YOUR GOAL:
Skip every image and restate the data word for word.

SUPPLIED DATA:
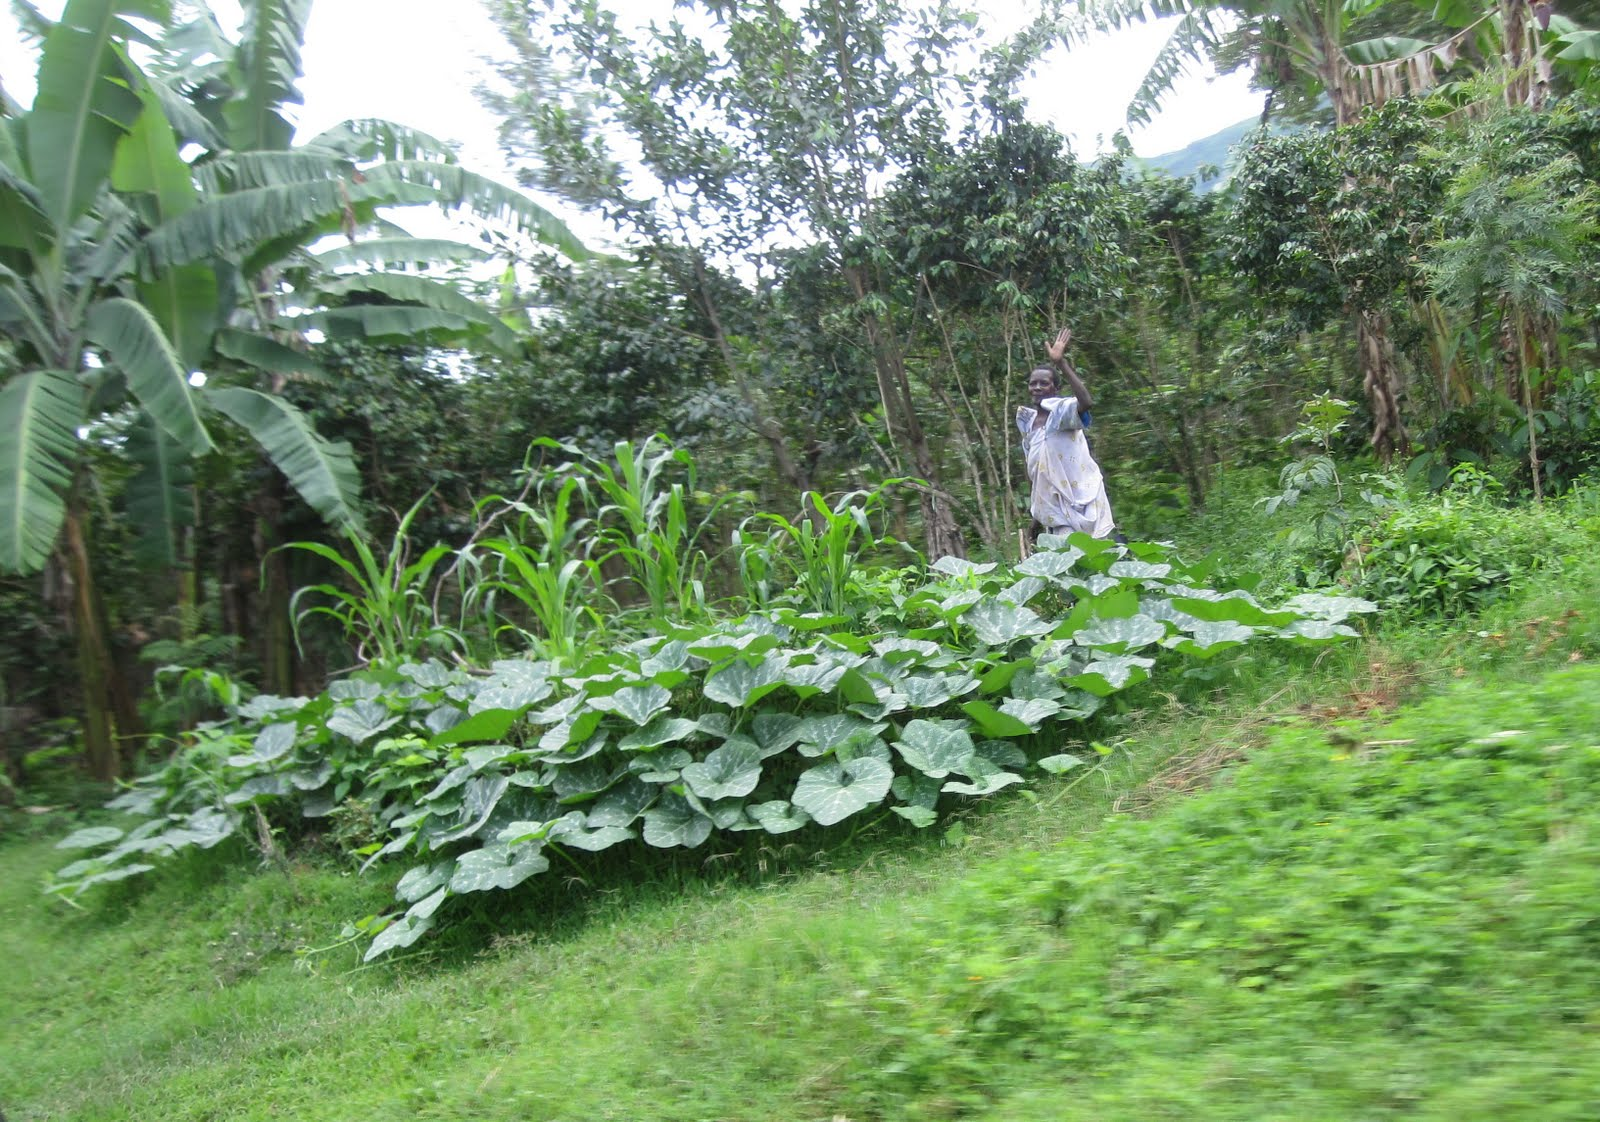 The Barlows In Uganda Mbale The Garden Of Eden Of Uganda
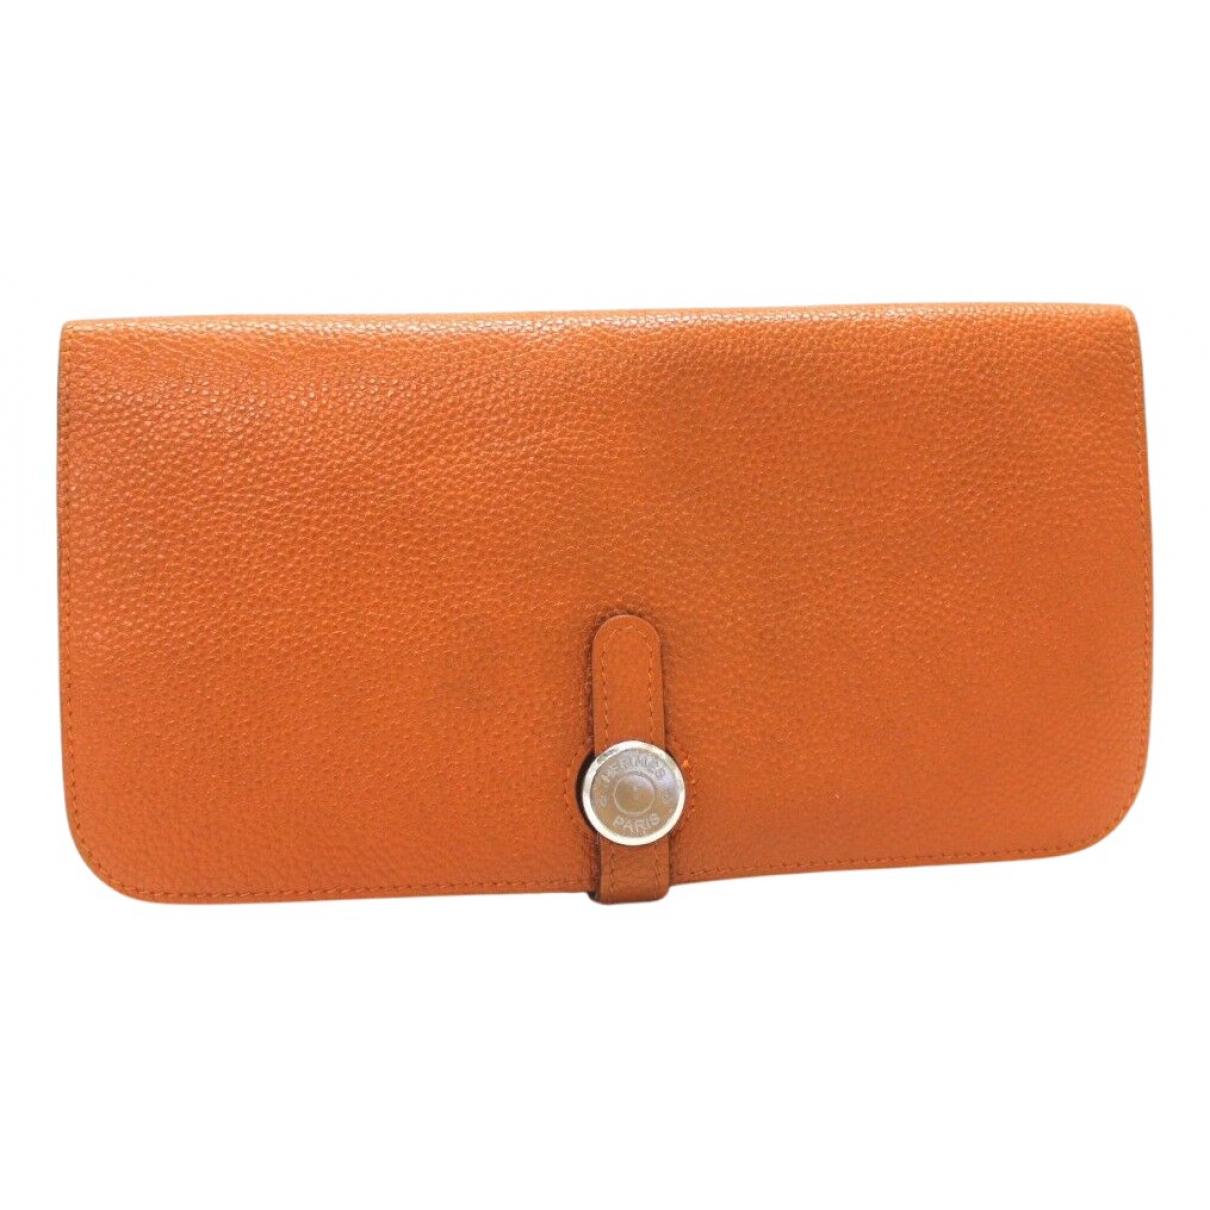 Hermès Dogon Orange Leather wallet for Women N
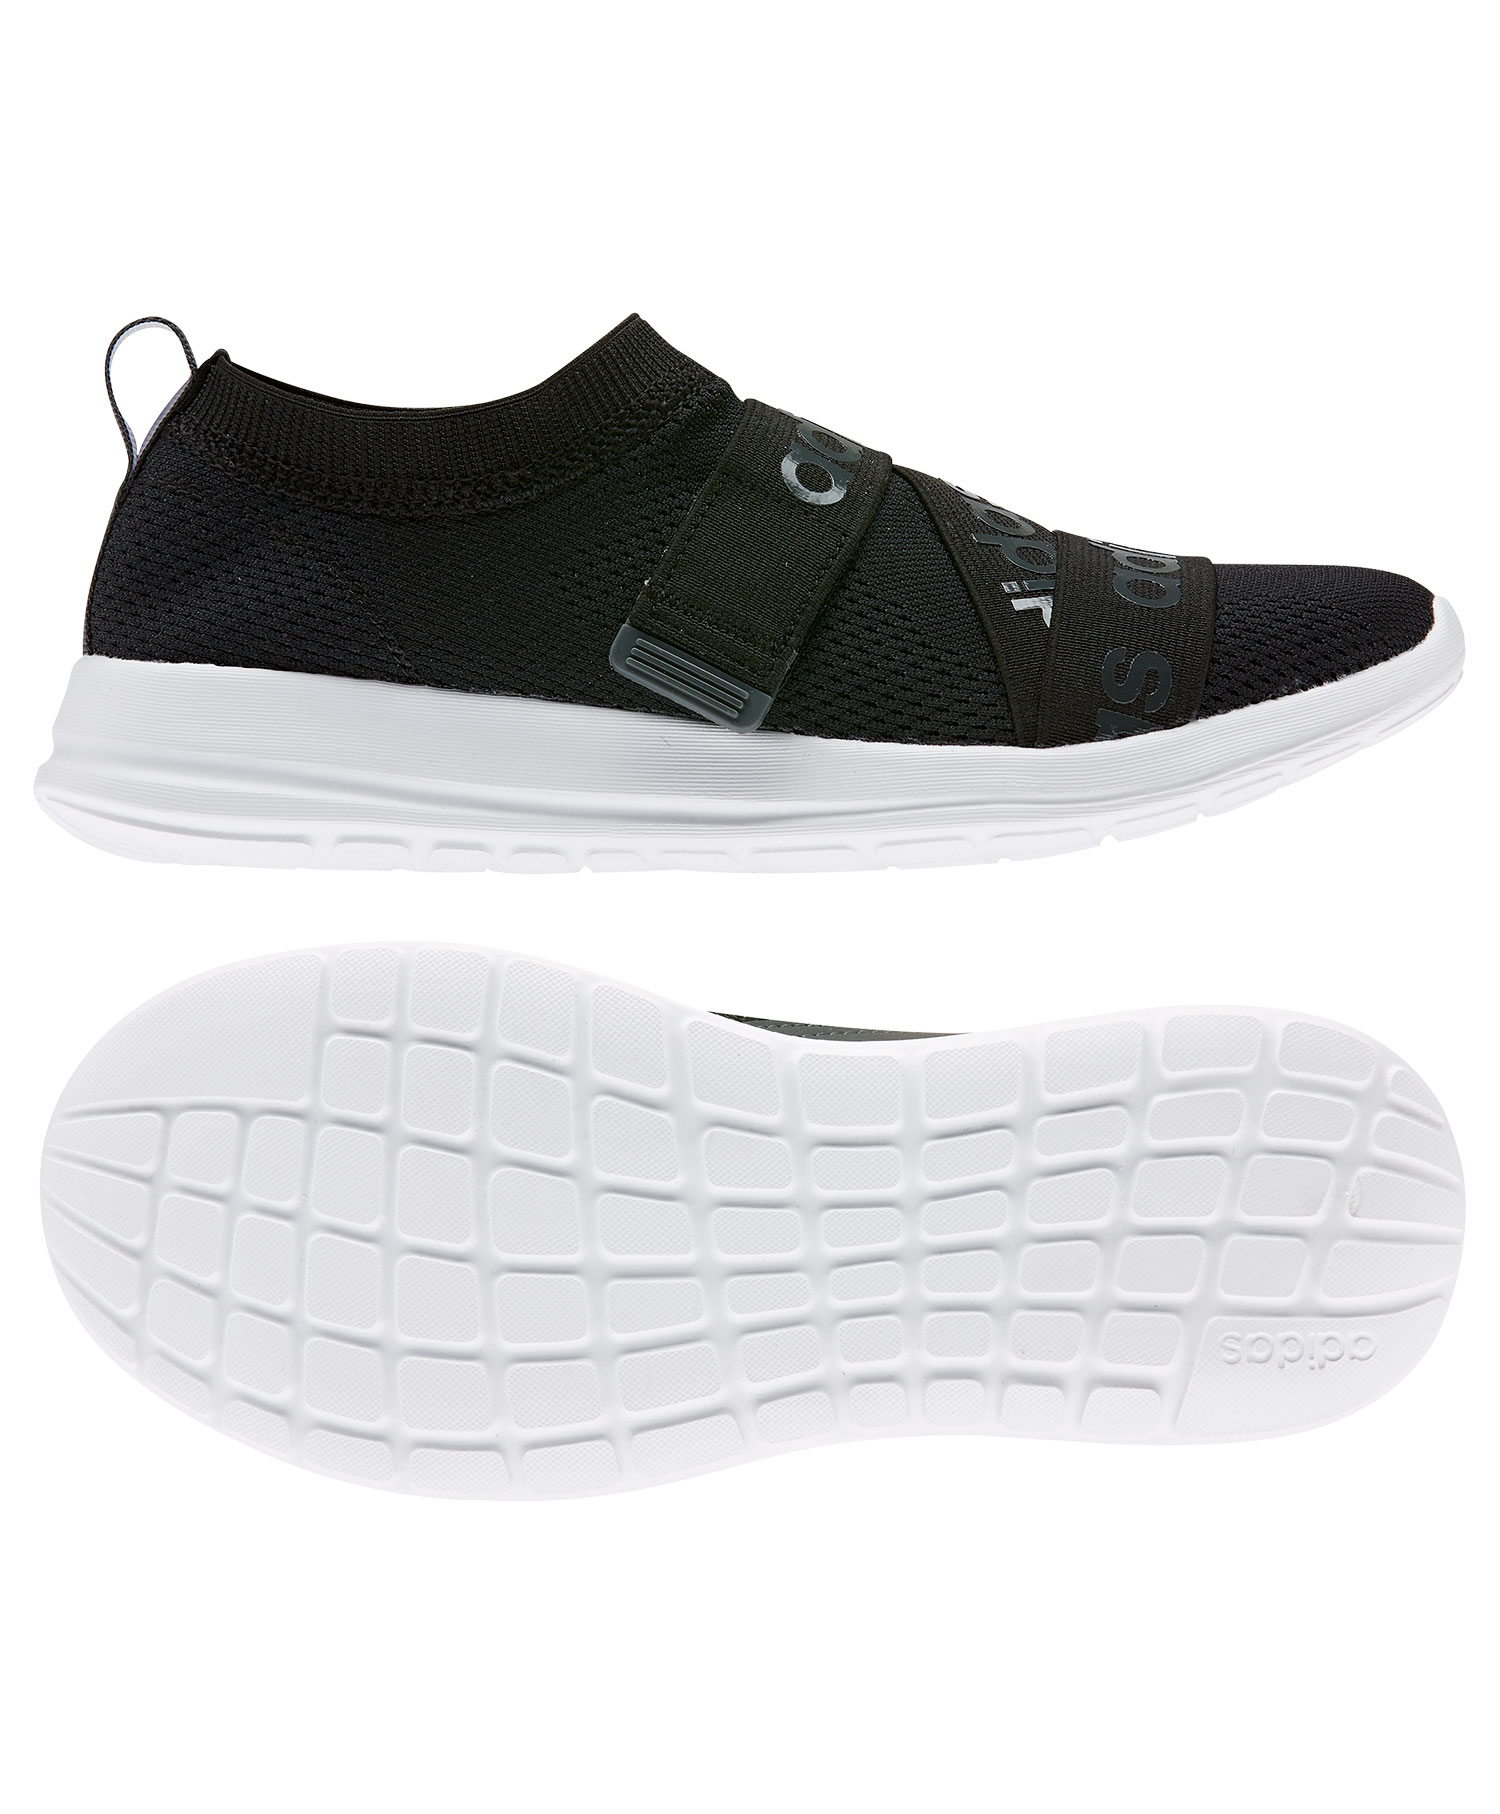 adidas Khoe adapt X
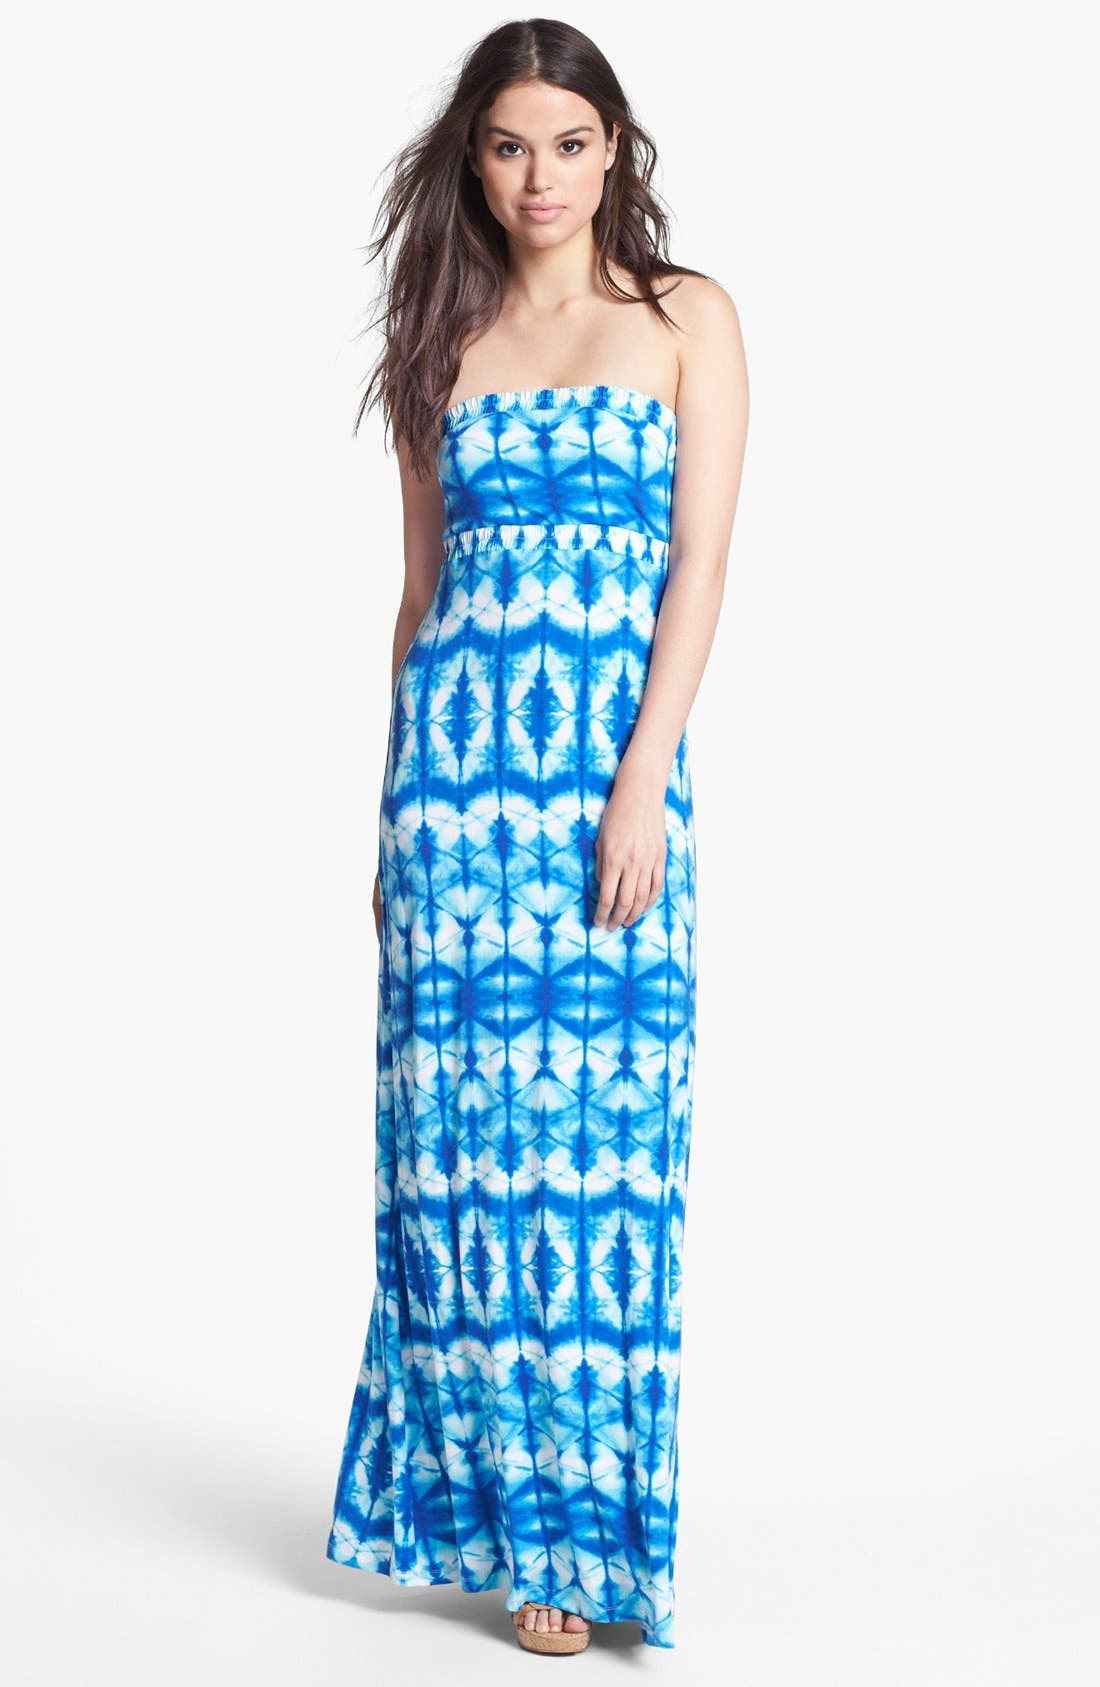 Alternate Image 1 Selected - Tart Strapless Print Maxi Dress

COMPLETED EXERCISE:
 The Barlows In Uganda Mbale The Garden Of Eden Of Uganda
 Hermès Dogon Orange Leather wallet for Women N
 adidas Khoe adapt X
 Alternate Image 1 Selected - Tart Strapless Print Maxi Dress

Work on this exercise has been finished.